3. I should have apologized more

Pride is a terrible parenting tool, yet I wielded it like a badge of honor.

When I was wrong—and I was wrong plenty—I’d double down rather than admit it. “Because I said so” was my favorite conversation ender. I thought admitting mistakes would undermine my authority. What it actually did was teach my kids that being right was more important than being honest.

If you’re a regular reader, you may remember I wrote about the power of vulnerability in relationships. Well, that applies double for parents. Your kids need to see you mess up, own it, and make amends. It’s how they learn that imperfection is human and that relationships can survive mistakes.

4. I pushed too hard for the wrong things

My oldest son had a gift for art.
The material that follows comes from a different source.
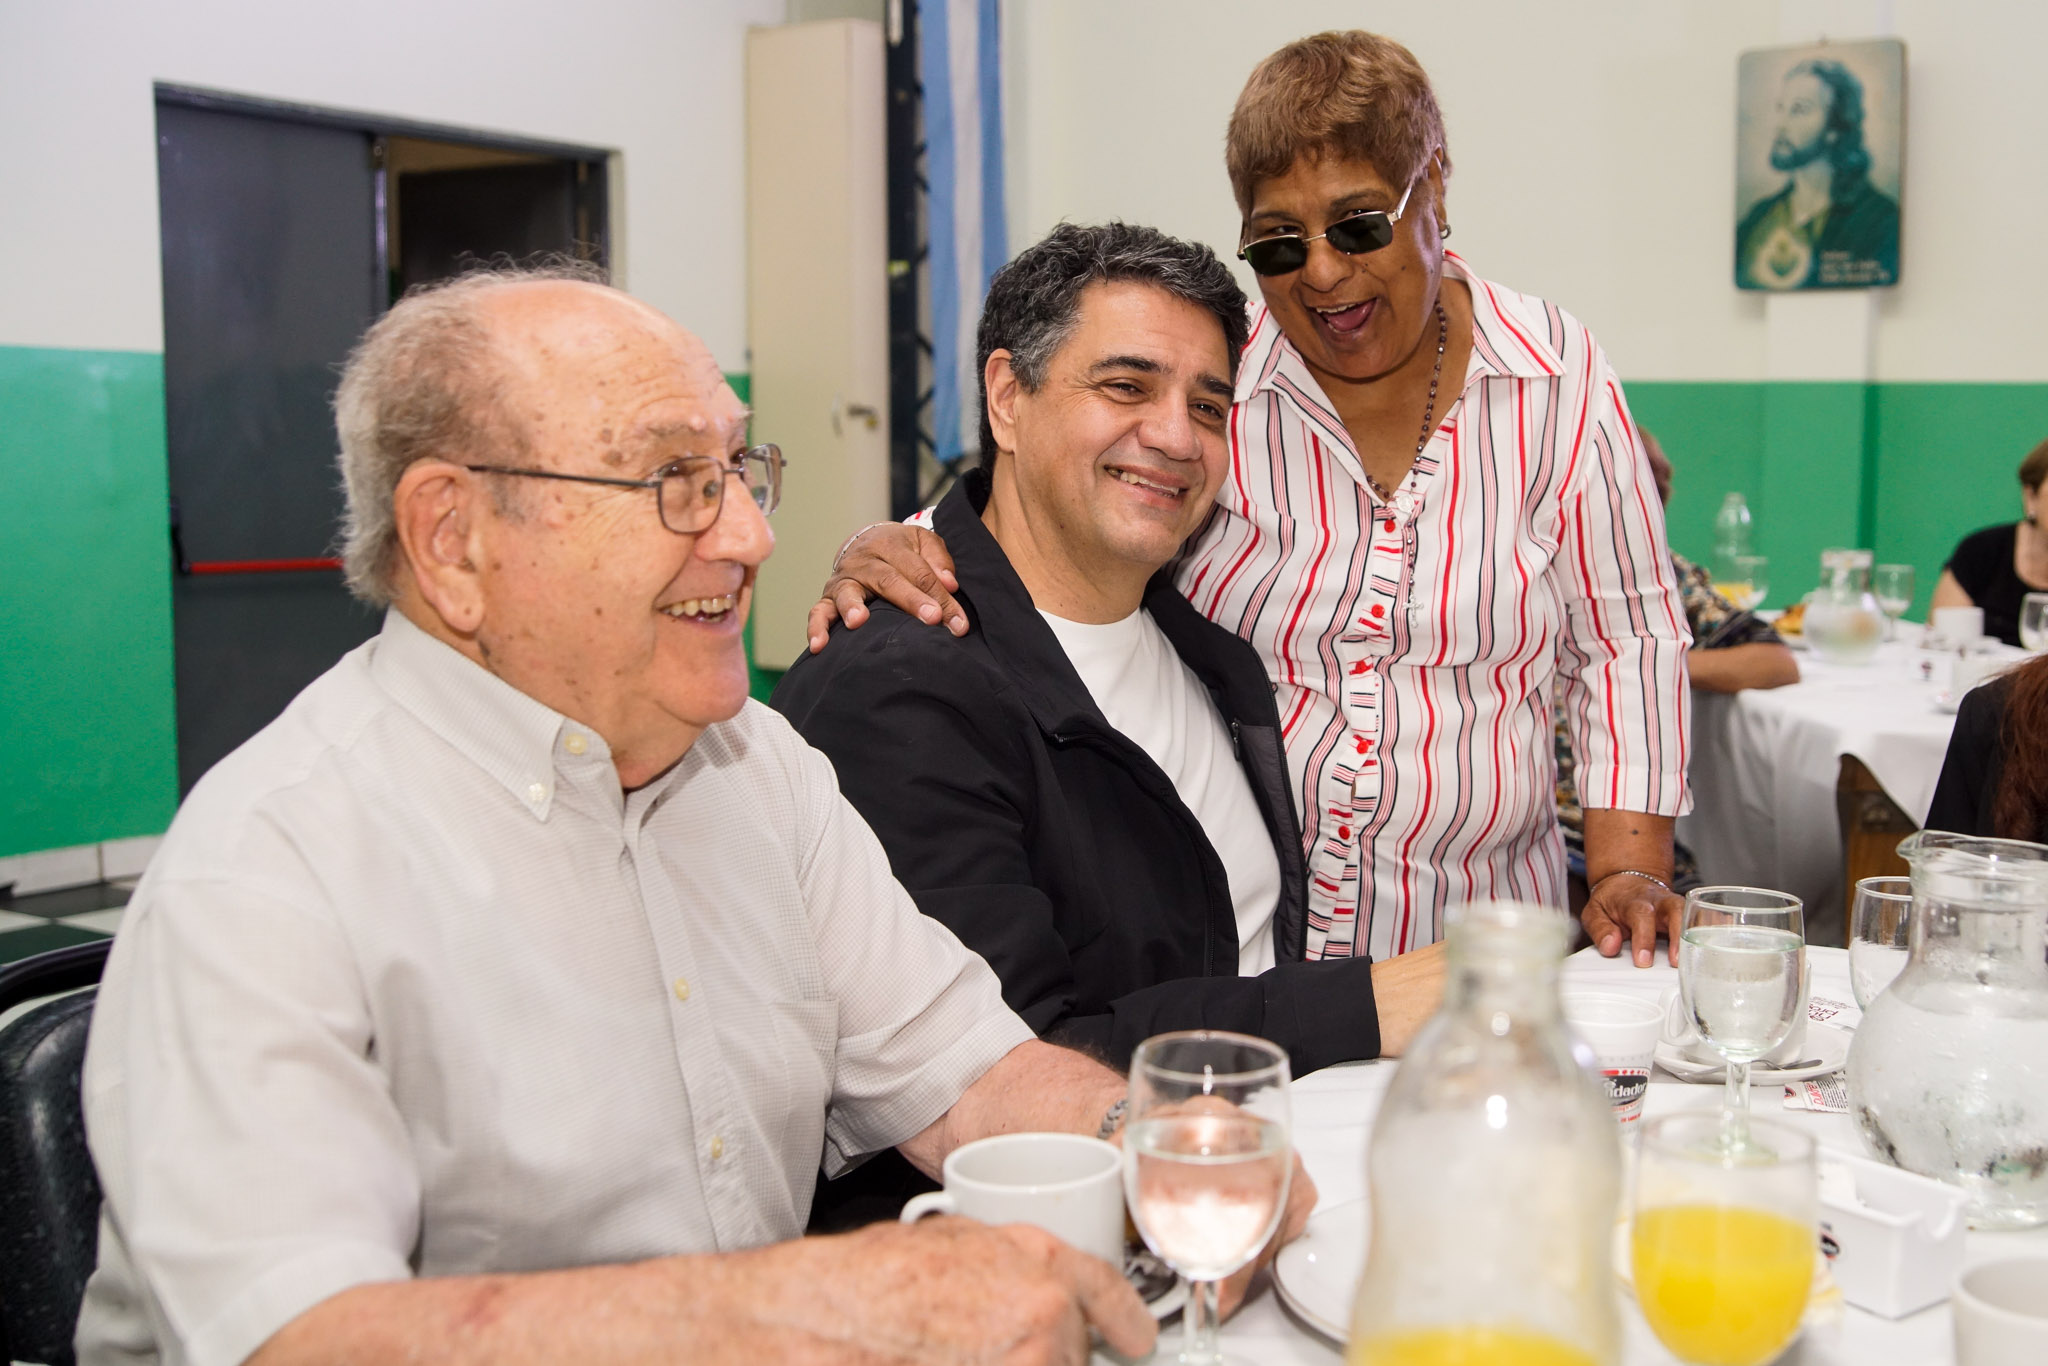  Jorge Macri anunció una ayuda económica a miles de jubilados y personas con discapacidad

His sketches were incredible, even as a teenager. But I pushed him toward business school because artists don’t make money, right?

It took him until his mid-thirties to find his way back to design, and even now, there’s a hesitation in his creative work that breaks my heart. That’s on me. I prioritized security over passion, and in doing so, I dimmed a light in him that’s never fully recovered its brightness.

The lesson? Pay attention to who your kids actually are, not who you think they should be. Their interests aren’t phases to outgrow; they’re clues to their authentic selves.

5. I didn’t take care of myself

For years, I wore exhaustion like a medal. Working sixty-hour weeks, skipping lunch, powering through on coffee and determination. I thought I was modeling hard work. I was actually modeling burnout.

My kids grew up watching me put everyone else’s needs first, never taking time to exercise, read for pleasure, or just rest. Now I see the same patterns in them—the inability to say no, the guilt over taking vacation days, the constant state of being “busy.”

Self-care isn’t selfish. It’s showing your children that they deserve to be healthy and happy, not just productive.

6. I should have listened more and advised less

Every time my kids came to me with a problem, I immediately switched into fix-it mode. Bad day at school? Here’s what you should do. Friend troubles? Let me tell you how to handle it.

My younger son finally told me, when he was about twenty-five, that my constant advice felt like criticism. That stopped me cold. All those years, I thought I was helping, but I was actually sending the message that he couldn’t figure things out on his own.

Sometimes kids just need someone to hear them. They need to vent about their terrible teacher or their annoying friend without getting a lecture on conflict resolution. Learning when to offer solutions and when to just offer empathy would have saved us both a lot of frustration.

7. I wish I’d shared my own struggles

I maintained this facade of having everything together, never letting my kids see me struggle or doubt myself. I thought I was protecting them, giving them a sense of security.

But kids are perceptive. They knew when I was stressed about work or worried about money. By not acknowledging these struggles, I taught them to hide their own difficulties. I created a family culture where problems were swept under the rug rather than discussed openly.

Now, watching my sons navigate parenthood, I try to be more honest. I tell them about the nights I didn’t know if I was doing anything right, about the times I felt completely overwhelmed. These conversations have brought us closer than all those years of pretending to be Superman ever did.

Closing thoughts

Writing this hasn’t been easy. It’s tempting to defend my choices, to explain that I did the best I could with what I knew then. And that’s true. But it’s also true that I could have done better.

The good news? It’s never too late to change. I can’t redo my kids’ childhoods, but I can be a different kind of grandfather. I can share these lessons with young parents who might benefit from them. And I can finally forgive myself for not being perfect.

What about you? If you could go back, what would you do differently?